Special Potential Concerns for Insurance Companies
Because insurance is primarily regulated at the state level, insurance commissioners and their agencies exercise considerable discretionary power. Whether particular commissioners are appointed or elected, they are understandably subject to political pressures, either from their respective governors or based on their own electorate. Insurance regulators in states restricting or prohibiting abortion might view it as part of their roles in carrying out the will of their respective legislators or the electorate to ensure that insurance companies do not, in their minds, aid and abet or conspire to break the law of their states. For example, we saw great activity by insurance regulators in response to pressure to relieve economic hardships caused by COVID-19 and in connection with the legalization of marijuana in certain states. As with other controversial medical procedures, they might take issue with additional expenses being incurred and reimbursed by insurers (such as to fund interstate travel for medical procedures that would violate their state laws), thereby resulting in expenses being borne by other policyholders in their states in the form of increased premiums (or, albeit less likely, claiming a potential solvency risk).

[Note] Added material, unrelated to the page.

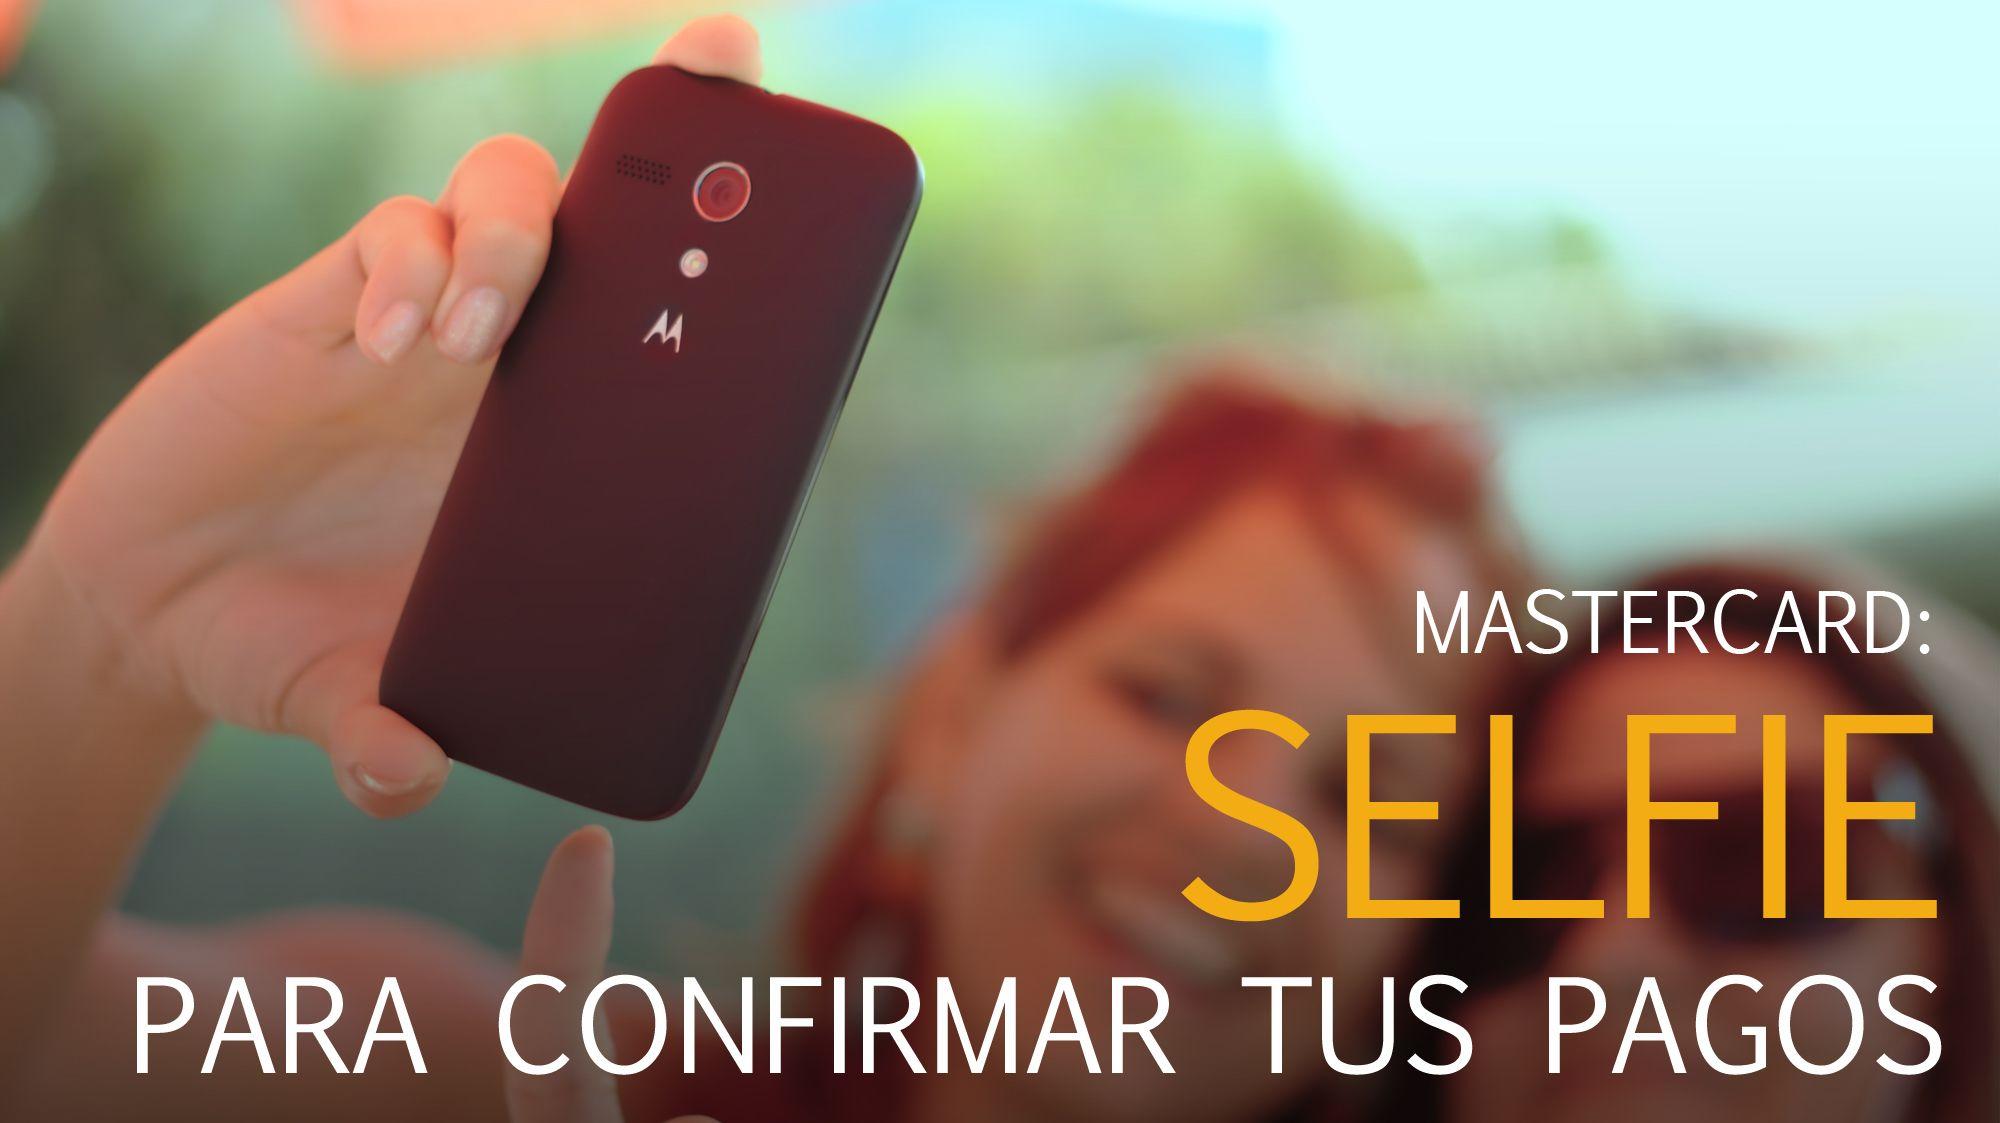 confirmar tus pagos en Mastercard con un selfie

Accordingly, insurance regulators in states restricting abortion or pro-choice states might, on their own accord or at the request by another official, use the regulatory tools at their disposal to pressure insurance companies toward the result that aligns with their respective states' laws on abortion.
Conclusion
The legal landscape of abortion restrictions, and how companies and individuals are able to respond, is changing rapidly. It is unclear how states will apply newly adopted abortion restrictions.
The content of this article is intended to provide a general guide to the subject matter. Specialist advice should be sought about your specific circumstances.